● **Provided material**
..........

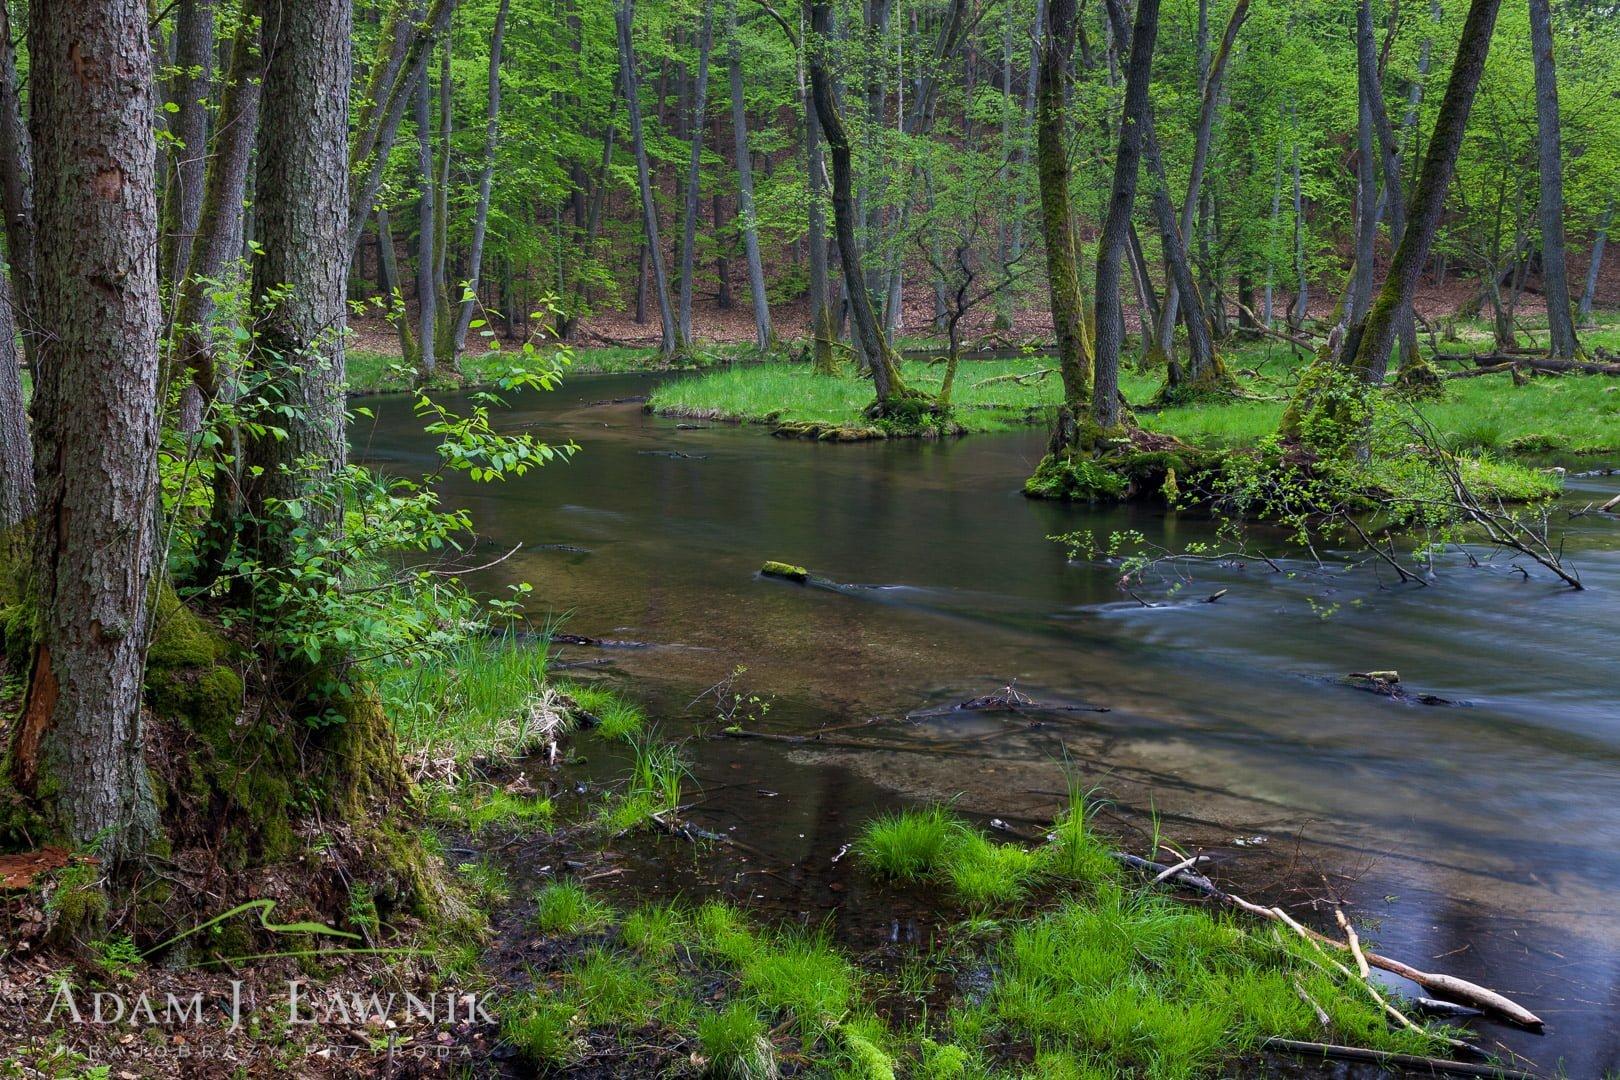 Drawa National Park, Poland 1005-00708C
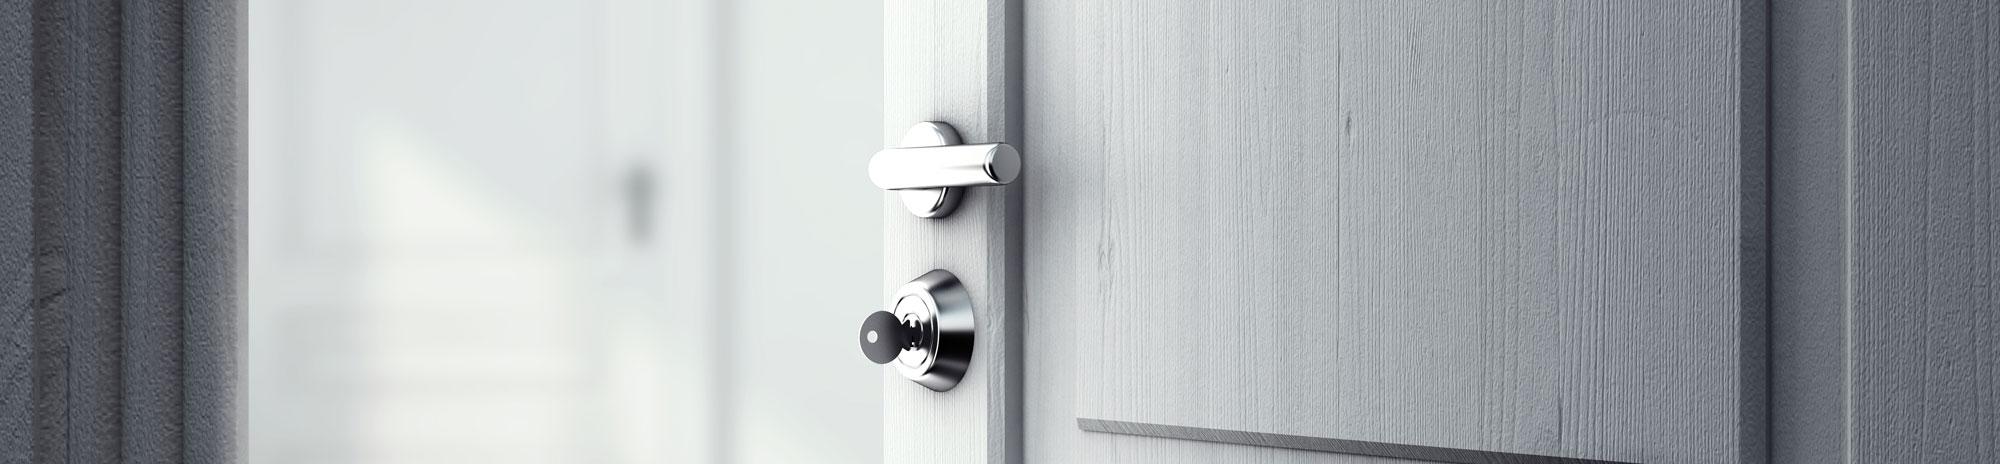 Porte interne rossi casa srl verbania villadossola - Tipi di porte interne ...
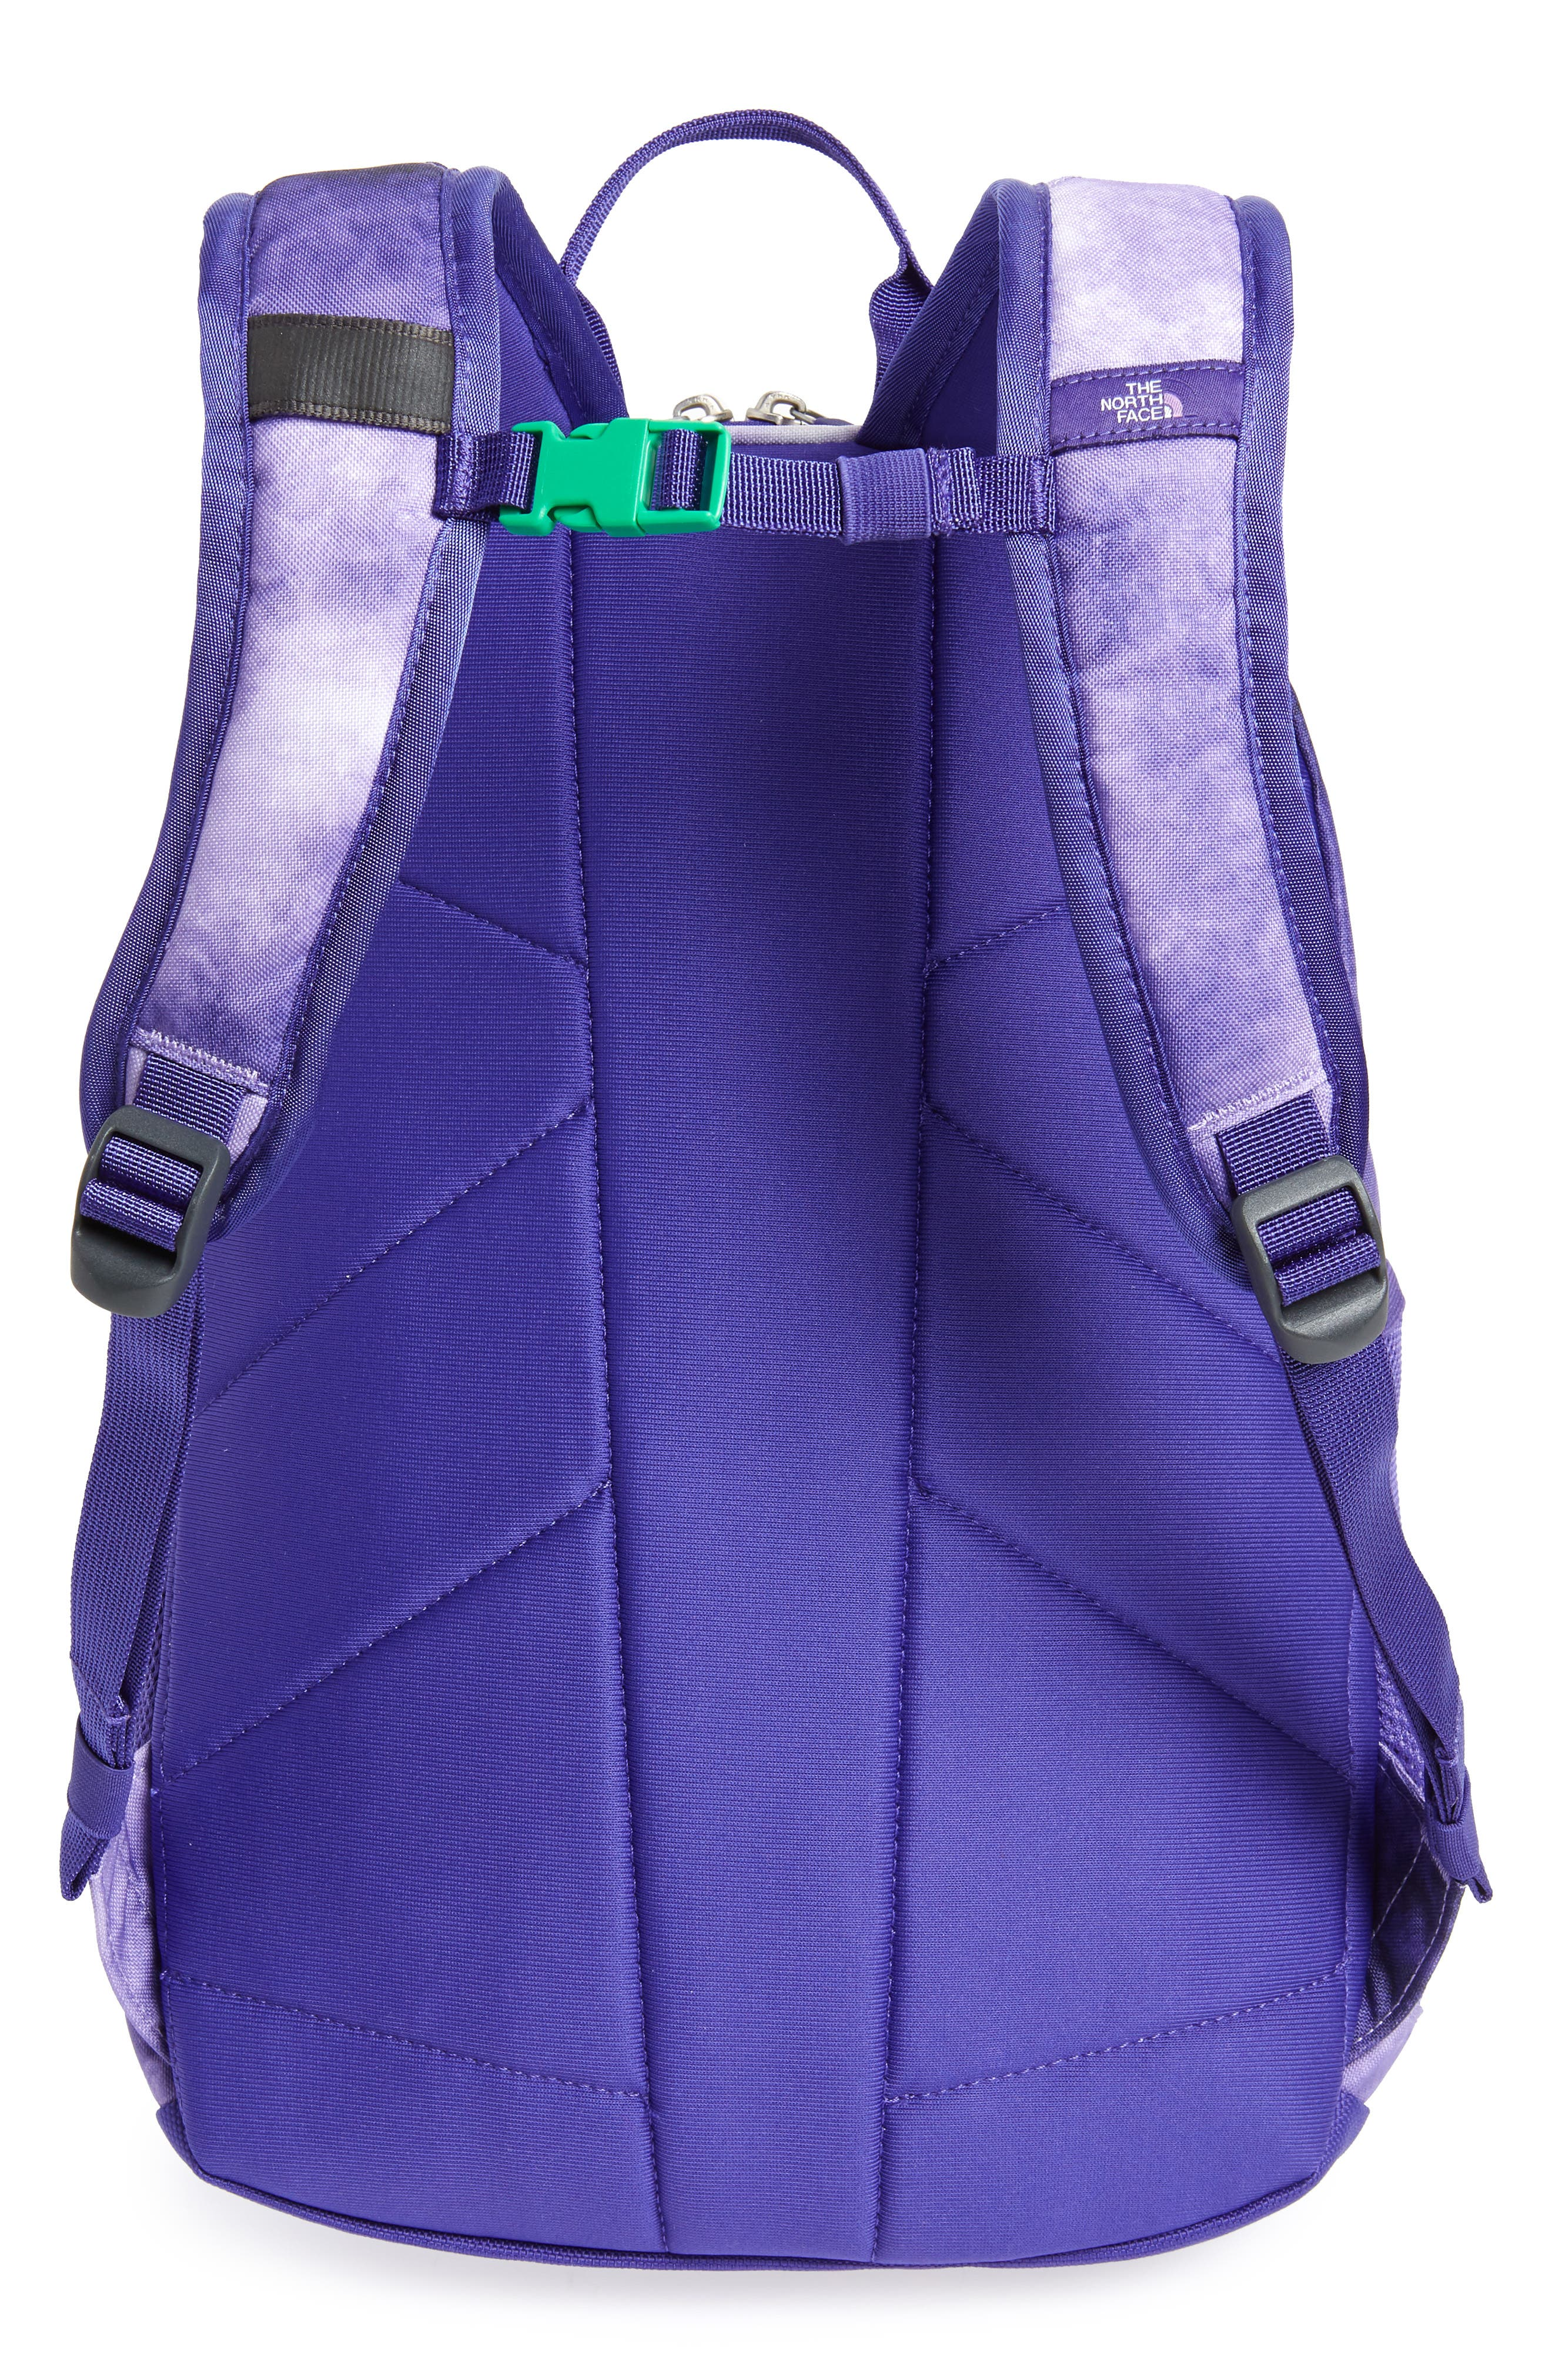 Recon Squash Backpack,                             Alternate thumbnail 2, color,                             501

..........

● **Exercise objective**
Write the material out again exactly. Do not include the pictures.

● **Result of the task**
 Drawa National Park, Poland 1005-00708C
 Porte interne rossi casa srl verbania villadossola - Tipi di porte interne ...
 Recon Squash Backpack,                             Alternate thumbnail 2, color,                             501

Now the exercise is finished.